Das weltweit einzig bekannte Vorkommen sollte ausgerechnet bei Allendorf liegen. Ein leicht verwirrter Wissenschaftler, Professor Ralfenbach (Ralf Achenbach, Leiter des Standorts Allendorf der CBES), der als Eremit (nur ein Portrait von Einstein hängt an der Wand) in einer Hütte hinter der Schule lebt, hatte eine Pulle des wertvollen Energiestoffs gebunkert.

Man könnte auch sagen, was für ein Glück, dass die Außerirdischen in Allendorf gelandet sind, denn so gelangte das Lunarium in richtige Hände und schließlich weit weg von der Erde. Anderenfalls hätte sich der Bösewicht der Geschichte, der auf die Weltherrschaft ausgerichtete Mr. X (Wolfgang Blume, Stufenleiter 5/6) dessen bemächtigt.

Würde man den Fall nun großzügig auslegen, dann hätte Allendorf zu Beginn dieser Woche die Welt gerettet. An dieser beachtenswerten Leistung hatten über 80 Menschen Anteil. Die Gesamtverantwortung trugen wieder die Musiklehrer Harald Kraehe und Daniel Miller.

Film, Musik und Gesang

Das "Movical" steht als Begriff noch nicht im Duden, es ist eine weitere Spezialität aus Allendorf. Movie steht für den Videofilm. Gedreht wurde an der Schule, außerhalb, im Rathaus bei Bürgermeister Thomas Benz, in der CBES Lollar bei Schulleiter Andrej Keller und in verschiedenen Geschäften. Musical steht für die theatralische Darstellung auf der Bühne der Schulaula. Die Schüler hatten sogar einige Lieder einstudiert. Livemusik darf dabei nicht fehlen, es spielten Michael Landmesser (Querflöte) und Beatrix Miller (Geige), Tim Lautenschläger (Bass), Jan Kraehe (Schlagzeug) und Harald Kraehe (E-Piano).

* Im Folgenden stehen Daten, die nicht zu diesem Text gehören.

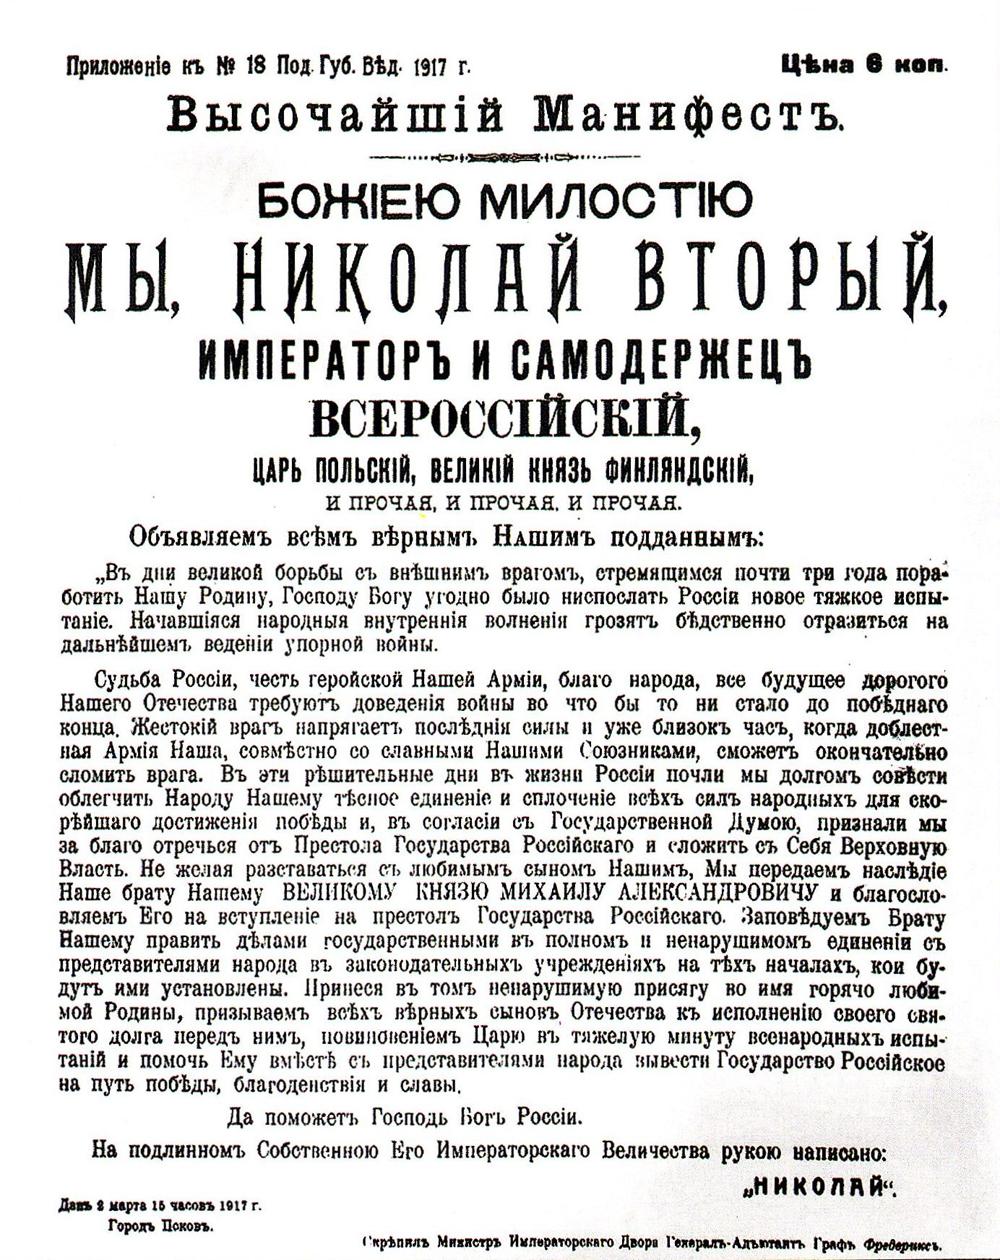 Манифест об отречении Николая II.

Der Handlungsstrang wechselte stetig zwischen Leinwand und Bühne. Auf der Bühne wiederum traf man die liebenswerte Familie Schmidt, die zufällig auf die Weltraumgäste traf, die Belegschaft des Mr. X (arbeitete für umsonst), den Professor Ralfenbach oder die Außerirdischen.

Eine schier unglaubliche Leistung, die als Gesamtkunstwerk eigentlich die Aufmerksamkeit des hessischen Kultusministeriums erlangen sollte. Ein Musical oder Theaterstück kann jede Schule, ein "Movical" ist das Alleinstellungsmerkmal von Allendorf. Manchmal profitiert sogar die ganze Welt davon.